Mercoledì, l’agenzia di rating Fitch ha declassato a negativo le prospettive del credito sovrano cinese, citando l’aumento dei rischi per le finanze pubbliche del paese in un contesto di “prospettive economiche più incerte”.

La tanto attesa ripresa dopo la revoca delle restrizioni sanitarie contro il Covid-19 è stata breve e si è esaurita l’anno scorso.

Recupero irregolare

A frenare la ripresa è soprattutto il fiacco clima di fiducia di famiglie e imprese, in un contesto di incertezza, che penalizza i consumi.

“La mancanza di domanda interna resta un freno” alla crescita nonostante un miglioramento sul fronte della produzione industriale, ha detto all’AFP Heron Lim, analista dell’agenzia di rating Moody’s.

La ripresa è disparata e i settori che ne beneficiano sono quelli dei servizi, spinti dal ritorno dei clienti nei ristoranti, nei trasporti e nelle località turistiche.

Ma altri restano in difficoltà, in particolare l’industria, a causa della debole domanda interna e internazionale.

Le esportazioni cinesi, storicamente una leva per la crescita e che hanno un impatto diretto sull’occupazione, sono diminuite a marzo su base annua (-7,5%), secondo i dati pubblicati venerdì dalla dogana cinese.

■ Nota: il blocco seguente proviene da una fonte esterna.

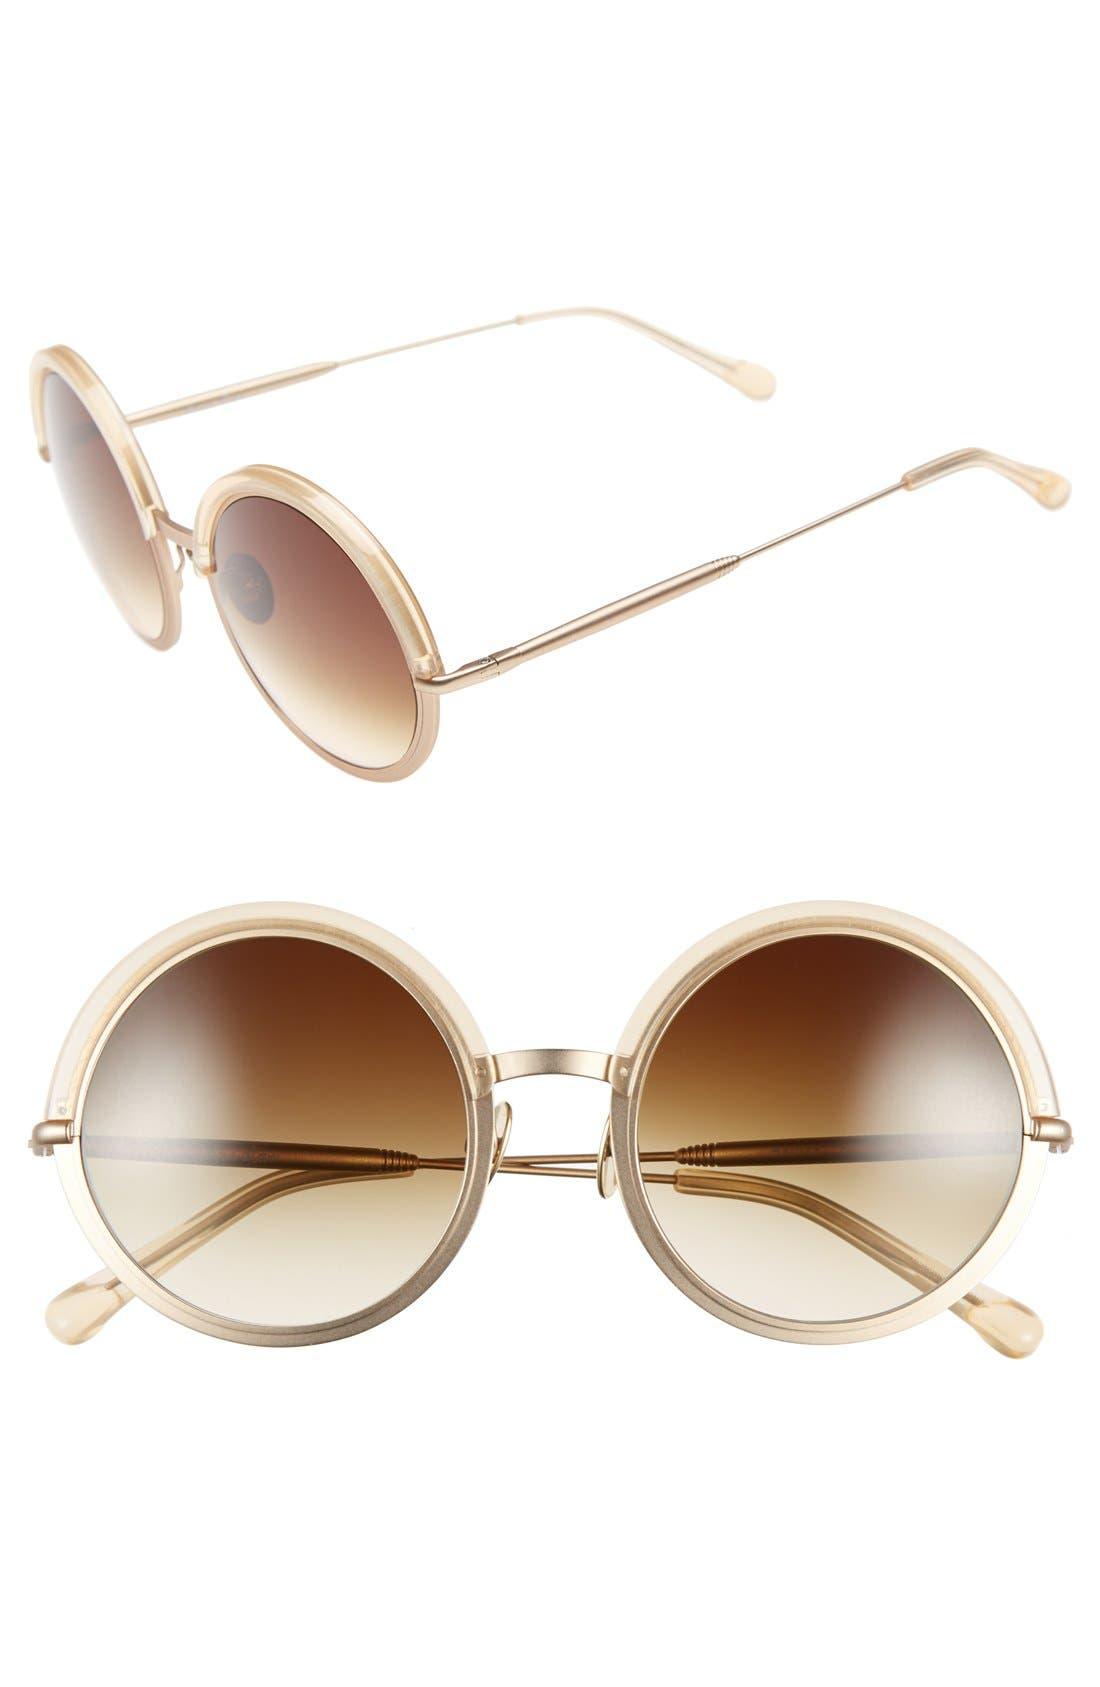 Main Image - Steven Alan 'Halsey' 50mm Retro Sunglasses

Le tensioni geopolitiche con gli Stati Uniti e il desiderio di alcuni paesi occidentali di ridurre la propria dipendenza dalla Cina o di diversificare le proprie catene di approvvigionamento spiegano questo declino con il rallentamento globale.

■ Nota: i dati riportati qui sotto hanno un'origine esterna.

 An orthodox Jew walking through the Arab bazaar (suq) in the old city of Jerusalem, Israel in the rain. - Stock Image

Inoltre, una crisi senza precedenti del settore immobiliare e gli arretramenti di grandi gruppi (Evergrande, Country Garden, Vanke, ecc.) alimentano la sfiducia in un settore che da tempo rappresenta, in senso lato, più di un quarto del PIL cinese.

“Gli acquirenti di case rimangono molto titubanti”, sottolinea l’analista Gene Ma dell’Institute of International Finance (IIF).

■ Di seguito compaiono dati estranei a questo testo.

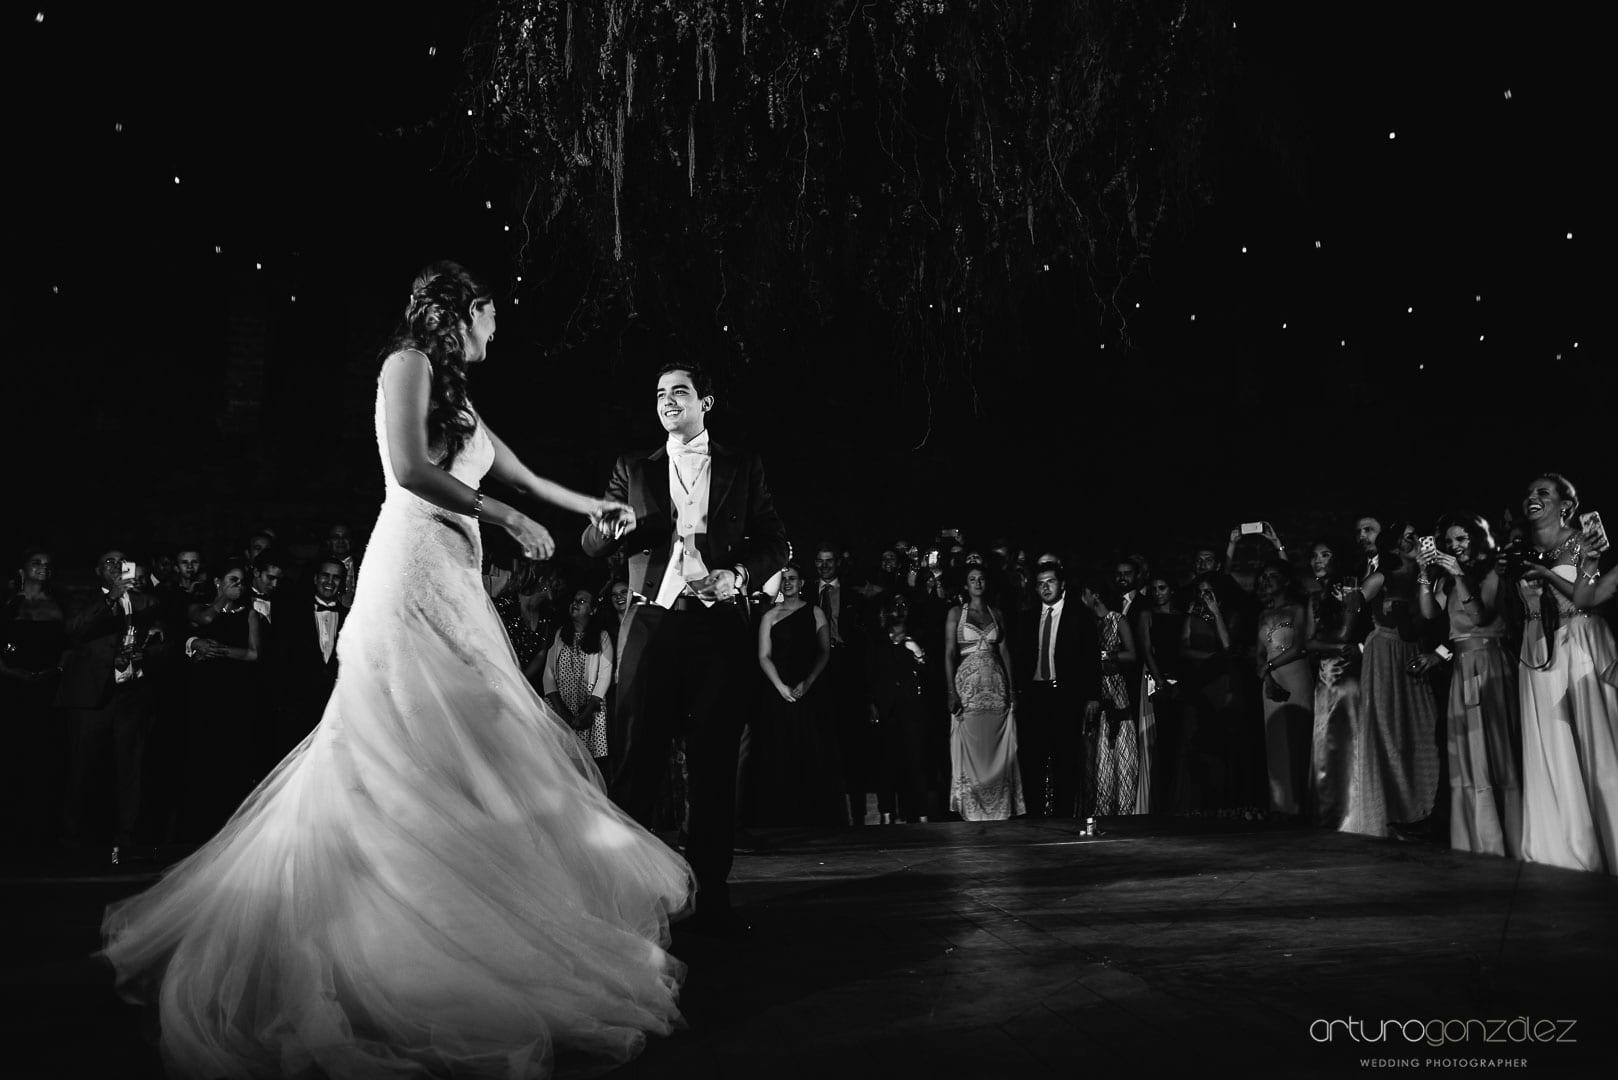 fotografo-de-bodas-en-guanajuato-110

Soprattutto perché il calo dei prezzi al metro quadrato fa perdere interesse a investire nella pietra.

“Cancro”

Un’altra sfida per la Cina: la deflazione.

Il Paese ne è uscito a febbraio per la prima volta in sei mesi.

Ma a marzo l’aumento dei prezzi è stato quasi pari a zero (+0,1% su un anno), a differenza delle principali economie che, secondo i dati ufficiali, hanno visto nuovamente salire i prezzi.

“L’inflazione è la febbre dell’economia mentre la deflazione è un cancro”, osserva Gene Ma, perché “danneggia i consumi e le richieste di investimento”.

A causa della mancanza di domanda, le aziende sono costrette a fare nuovi sconti per vendere le loro scorte e ridurre la produzione, il che mette a rischio l’occupazione e la loro redditività.

Nonostante la situazione economica, il governo dovrebbe “probabilmente raggiungere” quest’anno il suo obiettivo di crescita di “circa il 5%”, stimano in una nota gli economisti della banca d’investimento Goldman Sachs.

Nel 2023 il Pil cinese è cresciuto del 5,2%.

Questo tasso, che farebbe invidia alla maggior parte delle principali economie, rimane comunque il più basso per il Paese dal 1990 (3,9%), escluso il periodo Covid.